Task prompt ::
Reproduce the listing in full, exactly as written, but without images.

Data records ::
*** Begin section ***

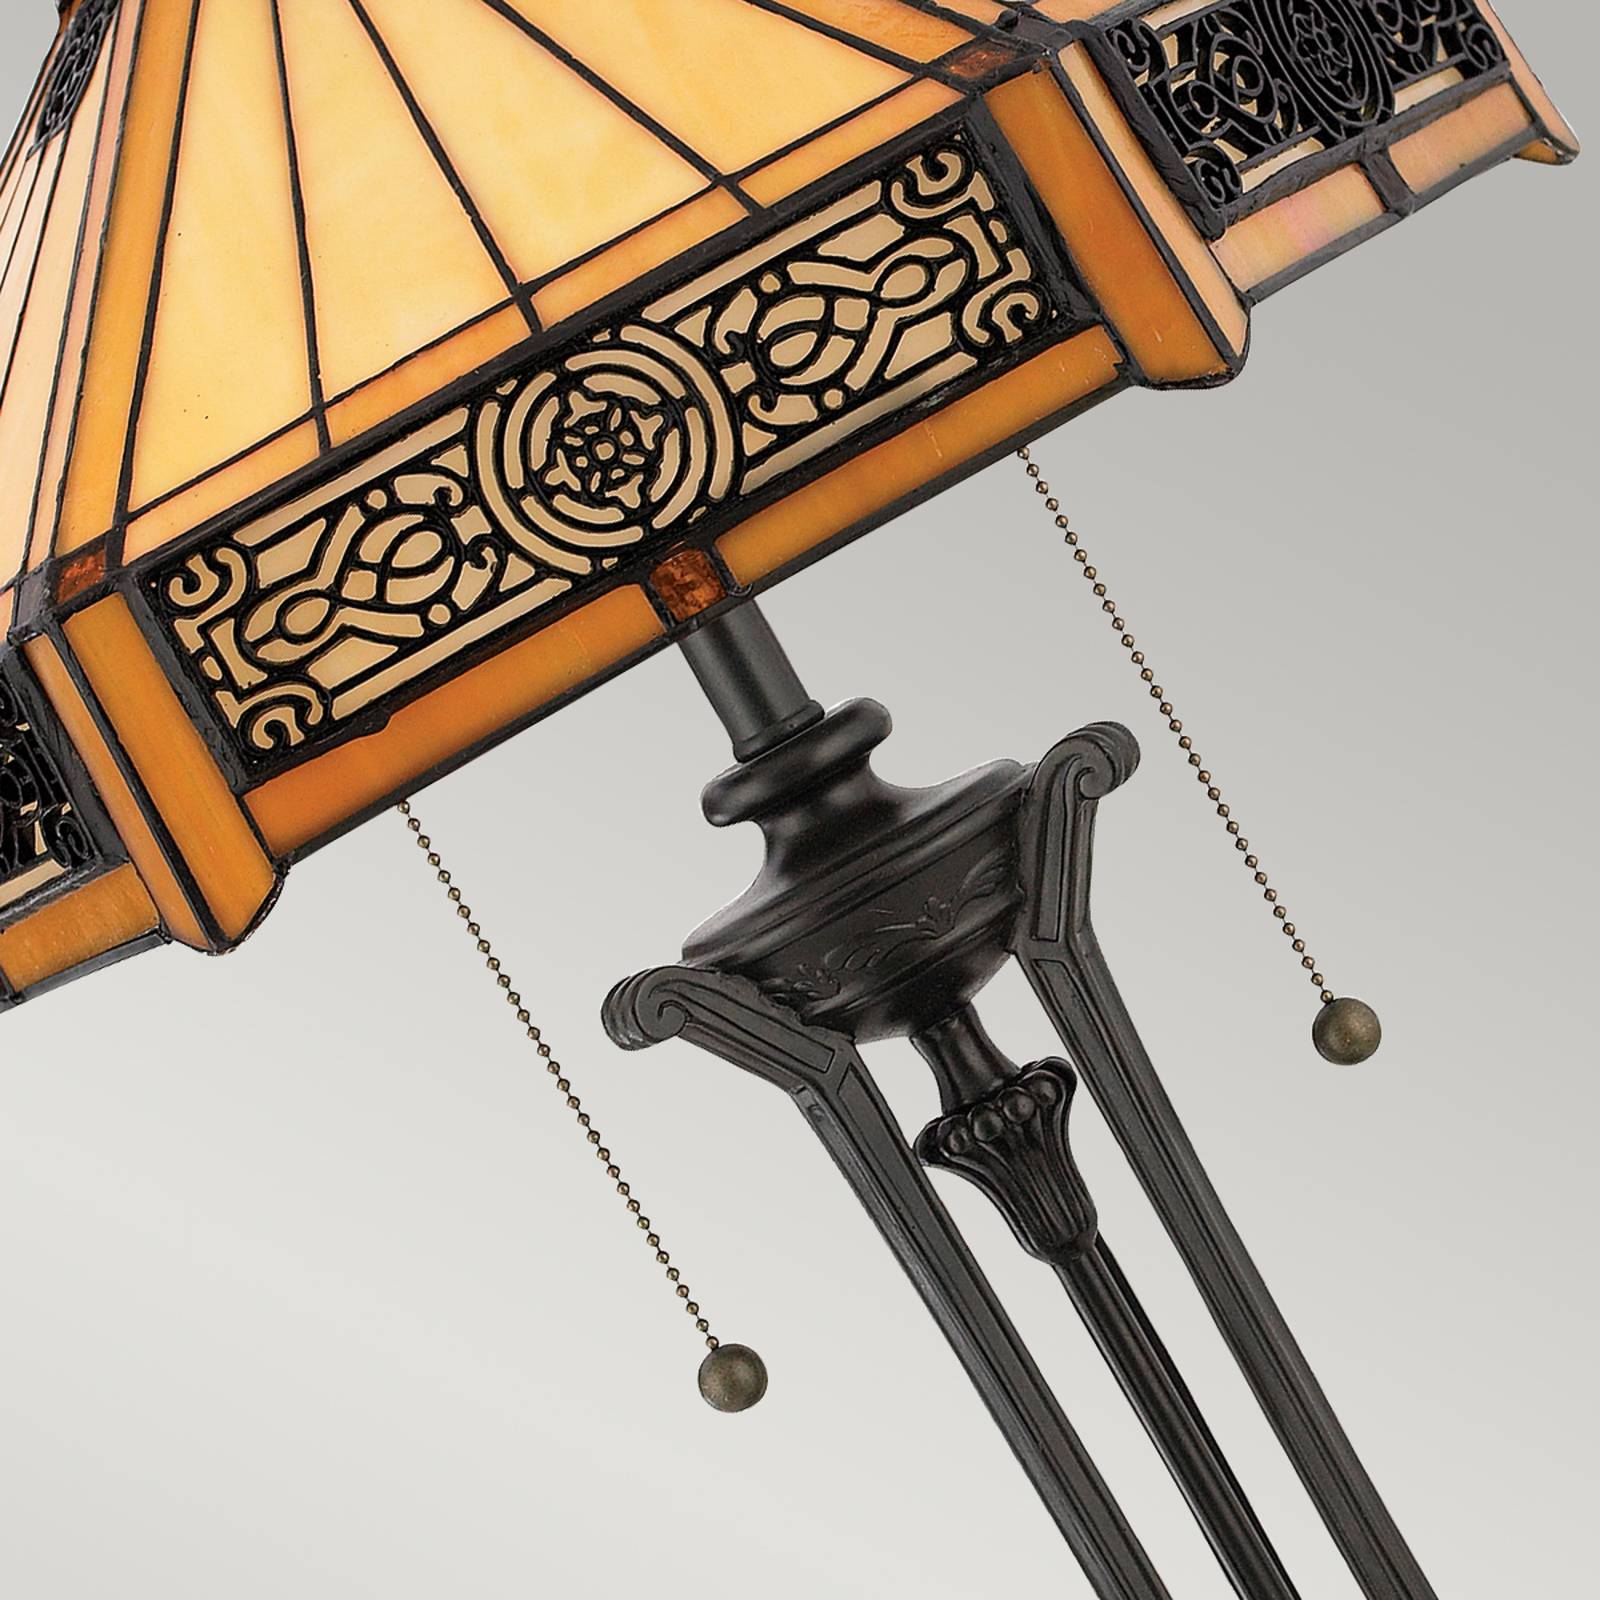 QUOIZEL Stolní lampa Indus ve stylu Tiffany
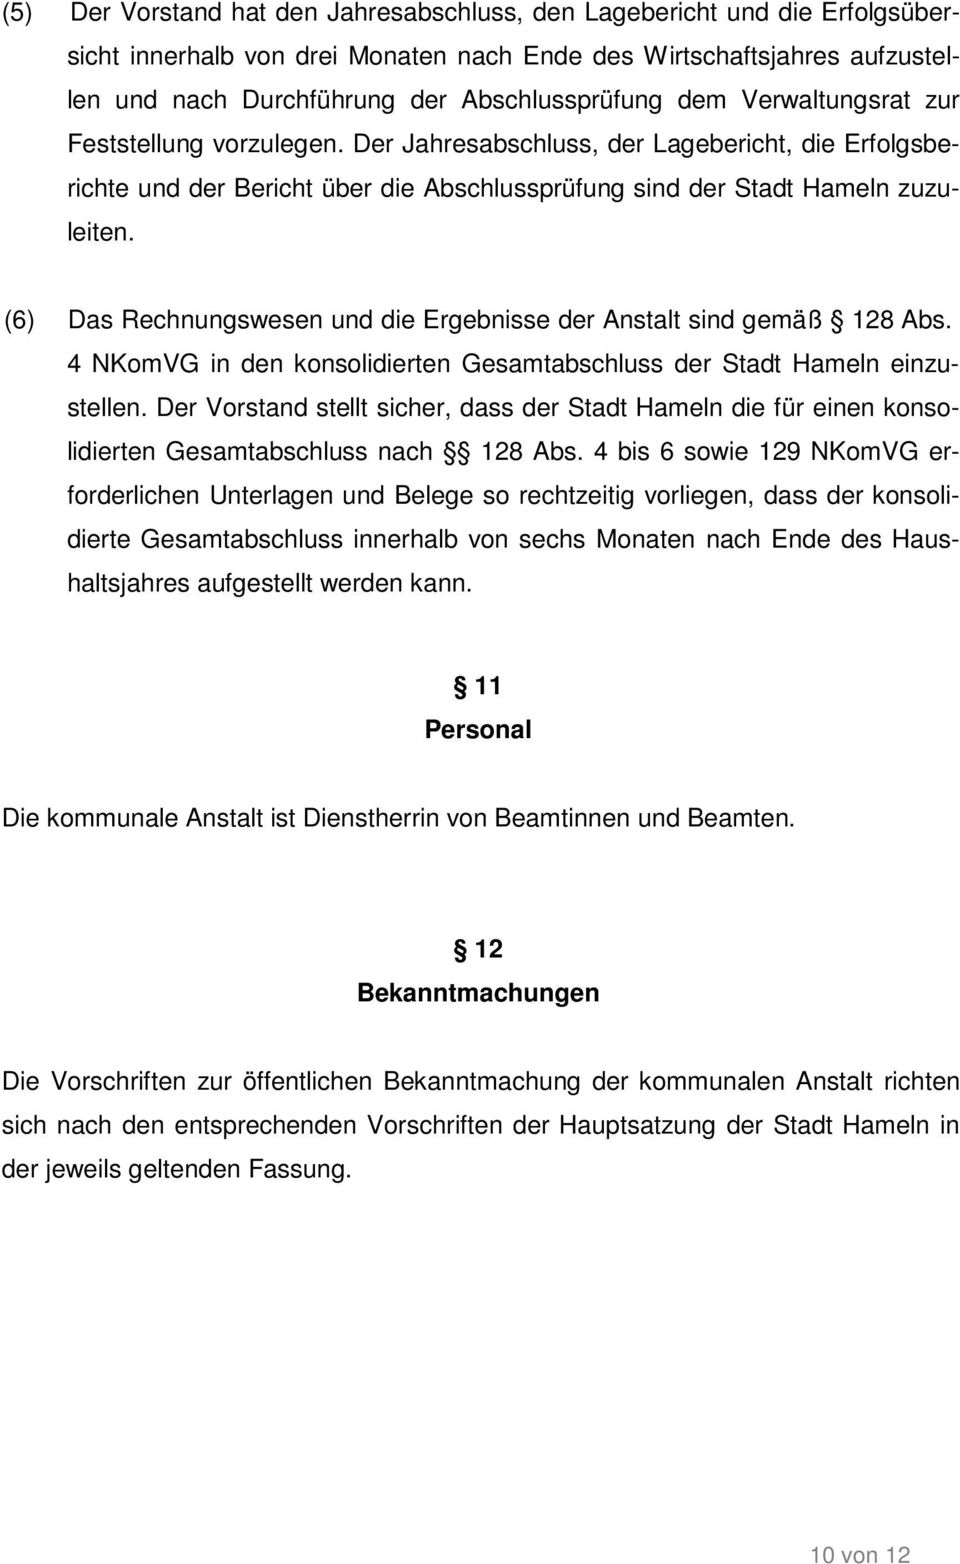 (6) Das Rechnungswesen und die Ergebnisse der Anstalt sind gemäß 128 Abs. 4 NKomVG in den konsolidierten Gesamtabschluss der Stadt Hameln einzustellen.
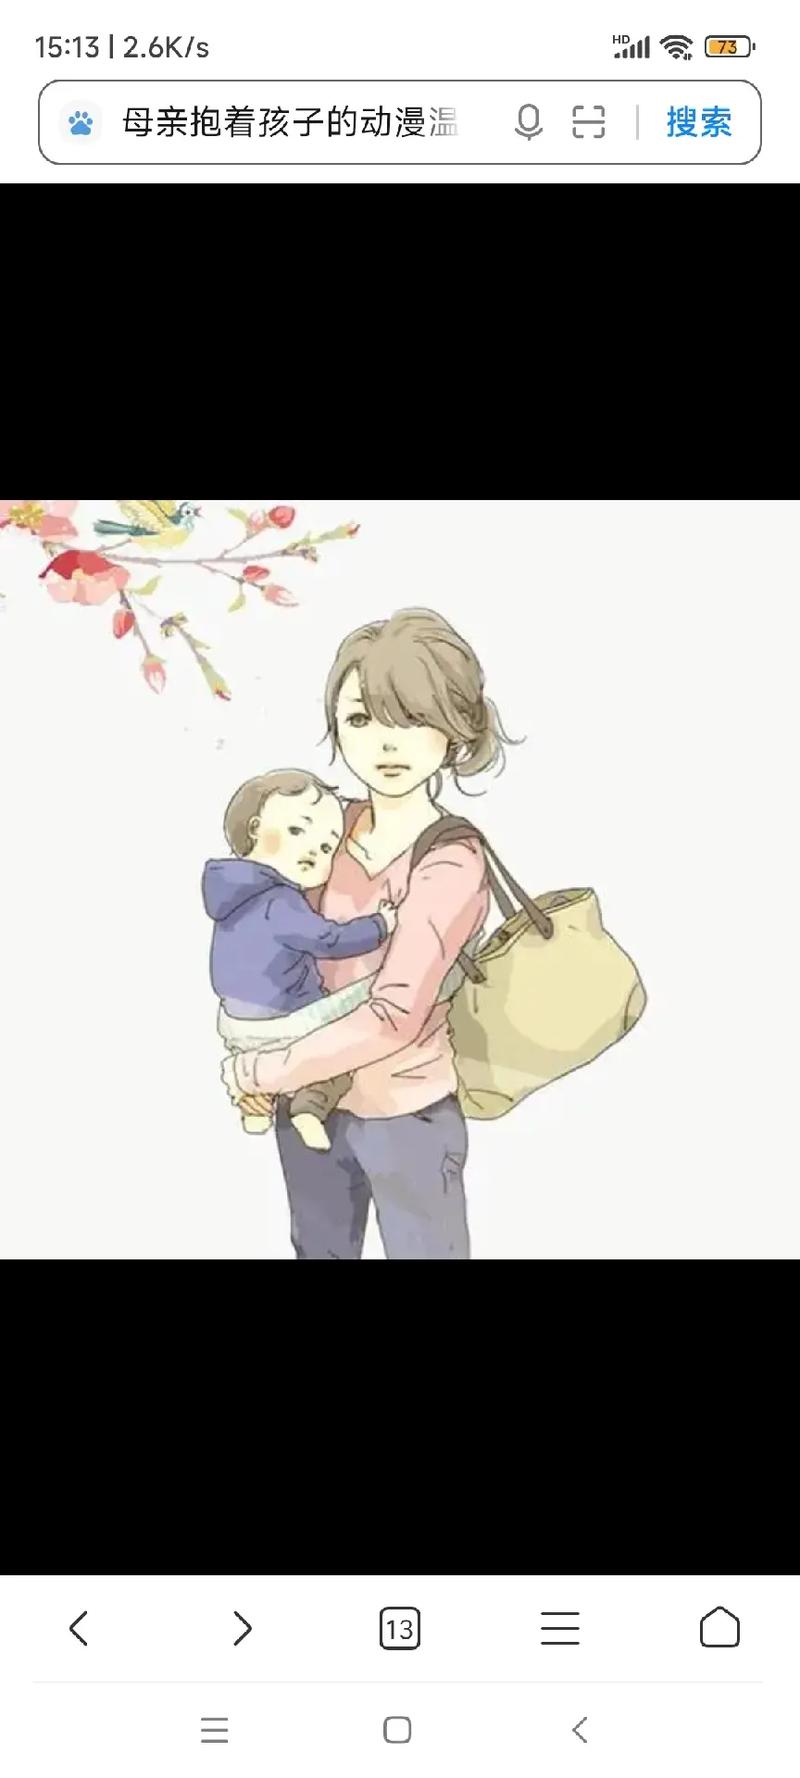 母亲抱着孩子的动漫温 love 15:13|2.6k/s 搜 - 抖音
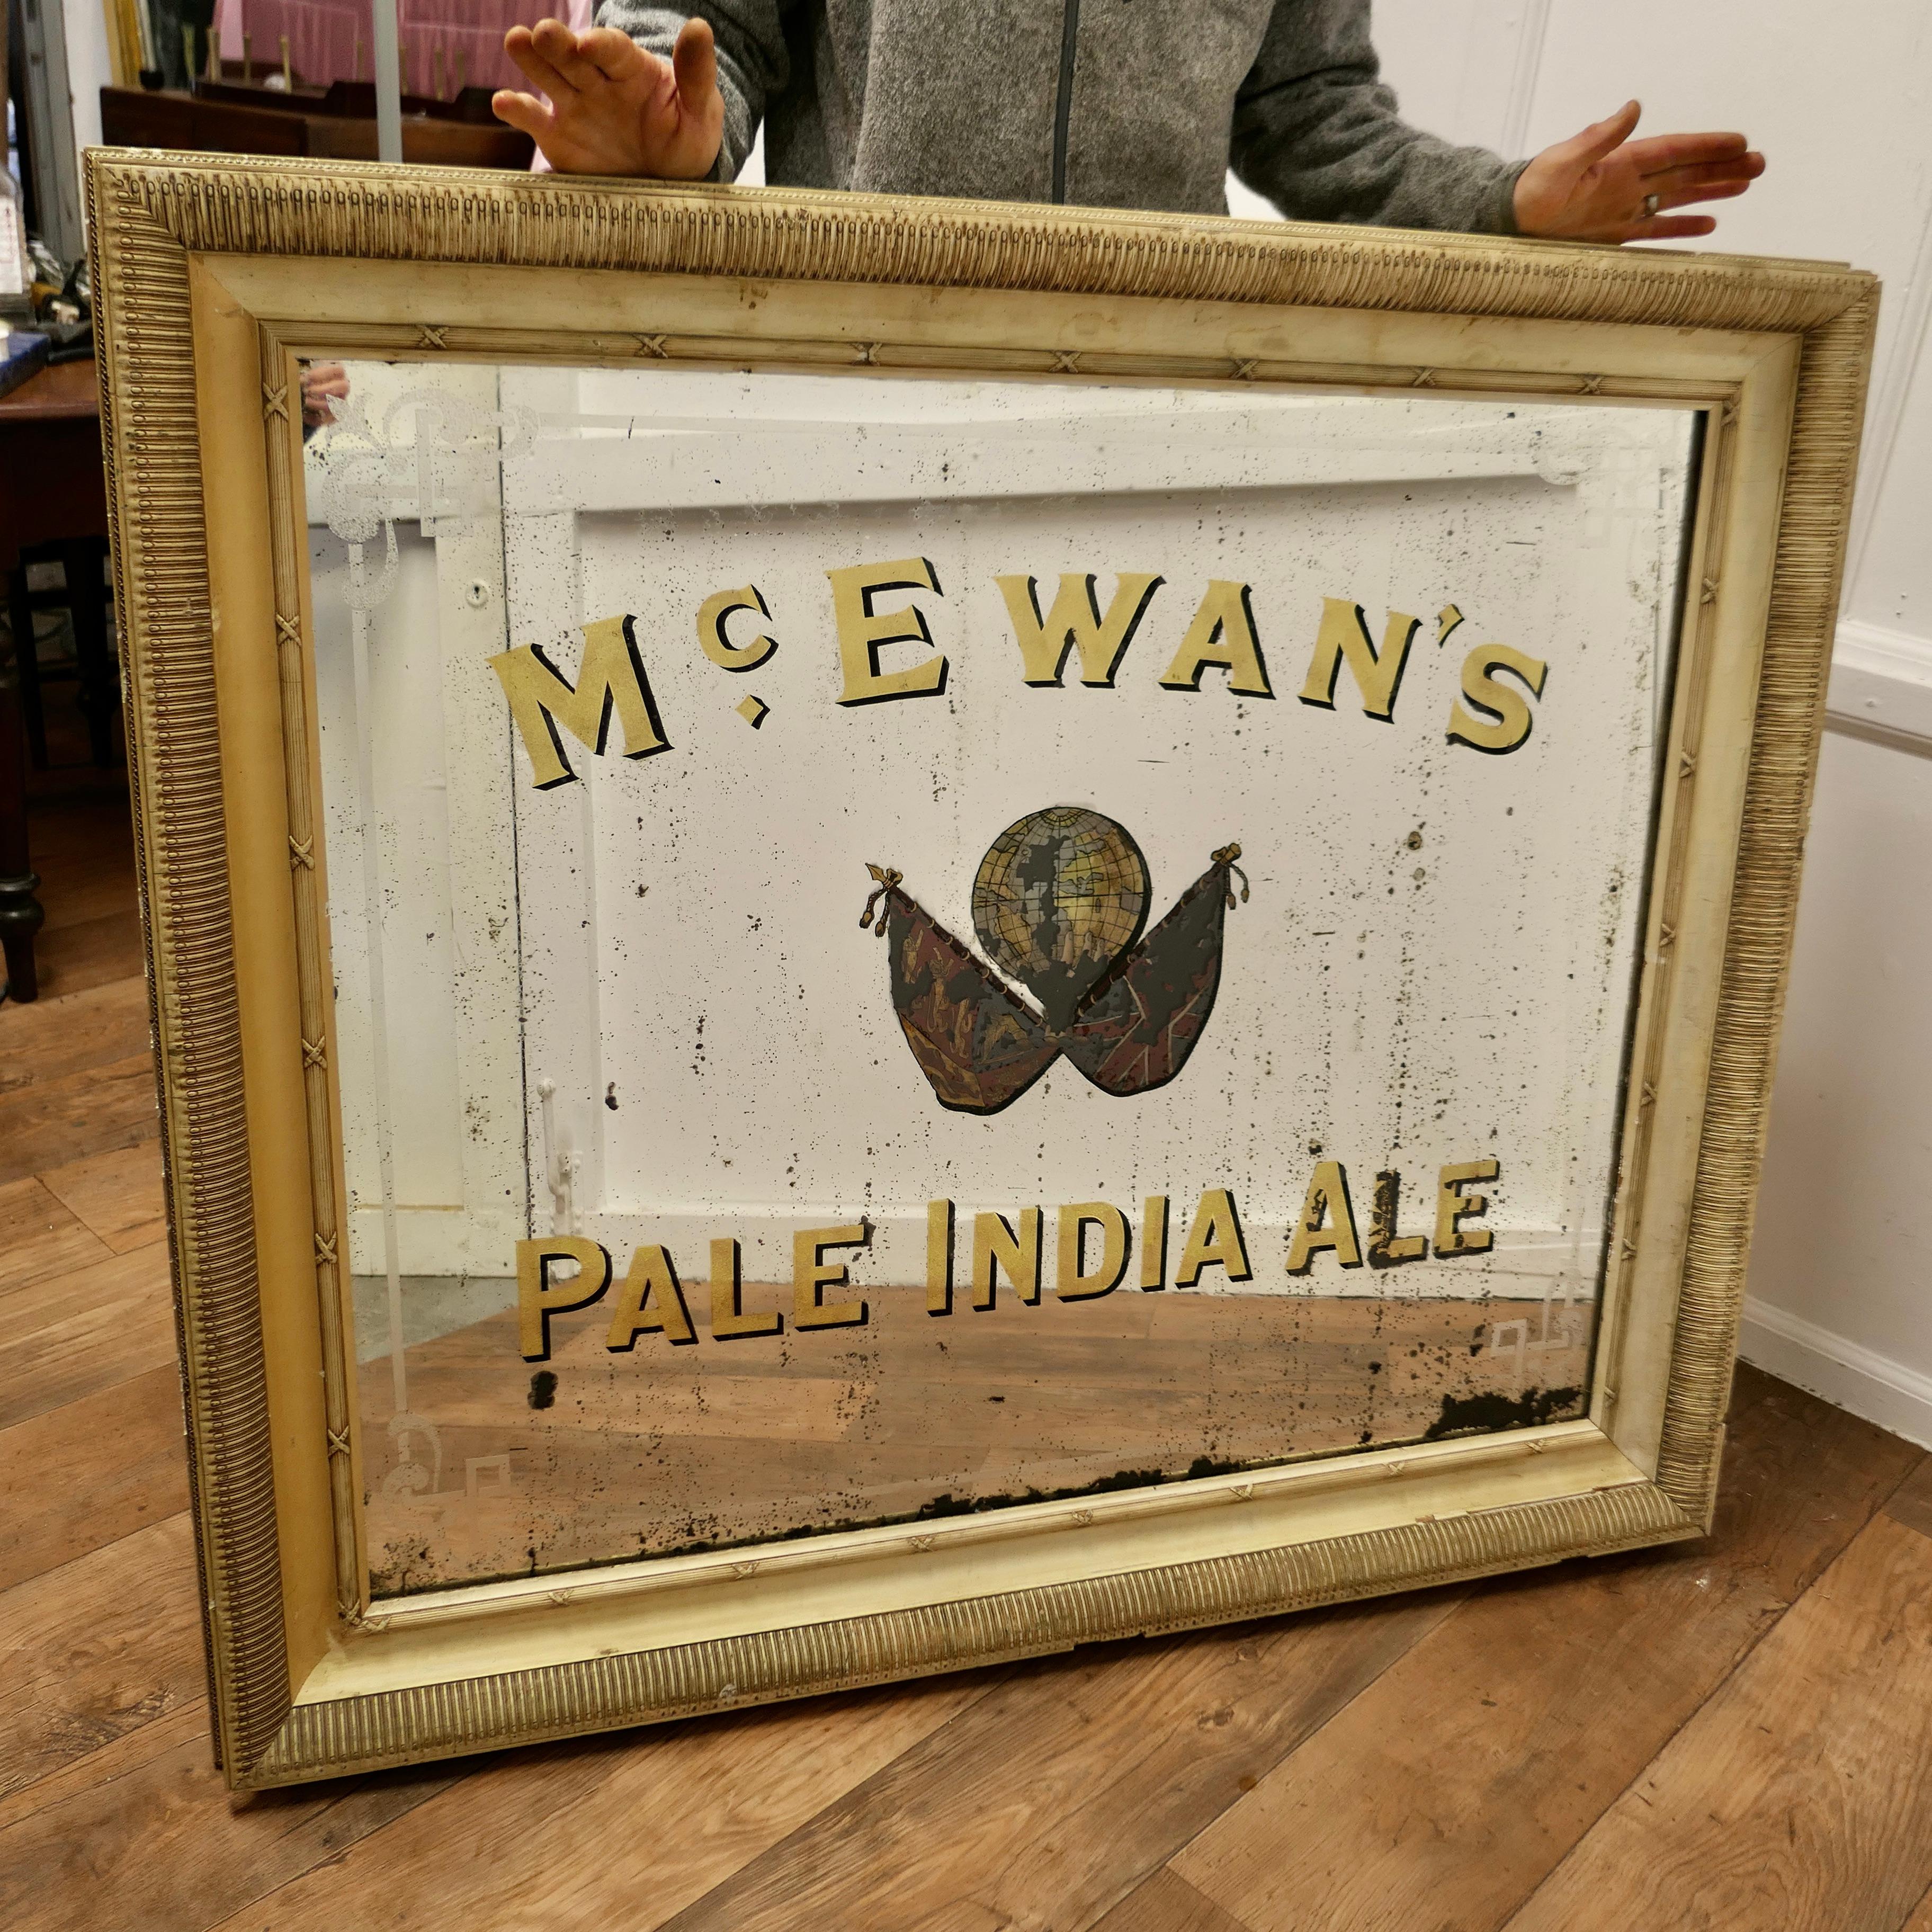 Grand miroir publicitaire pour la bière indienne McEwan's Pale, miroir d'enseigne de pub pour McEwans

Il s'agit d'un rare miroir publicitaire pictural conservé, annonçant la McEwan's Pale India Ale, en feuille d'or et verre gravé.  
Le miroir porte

*** End section ***

Your solution ::
 QUOIZEL Stolní lampa Indus ve stylu Tiffany
 (6) Das Rechnungswesen und die Ergebnisse der Anstalt sind gemäß 128 Abs. 4 NKomVG in den konsolidierten Gesamtabschluss der Stadt Hameln einzustellen.
 母亲抱着孩子的动漫温 love 15:13|2.6k/s 搜 - 抖音
 Grand miroir publicitaire pour la bière indienne McEwan's Pale, miroir d'enseigne de pub pour McEwans

Il s'agit d'un rare miroir publicitaire pictural conservé, annonçant la McEwan's Pale India Ale, en feuille d'or et verre gravé.  
Le miroir porte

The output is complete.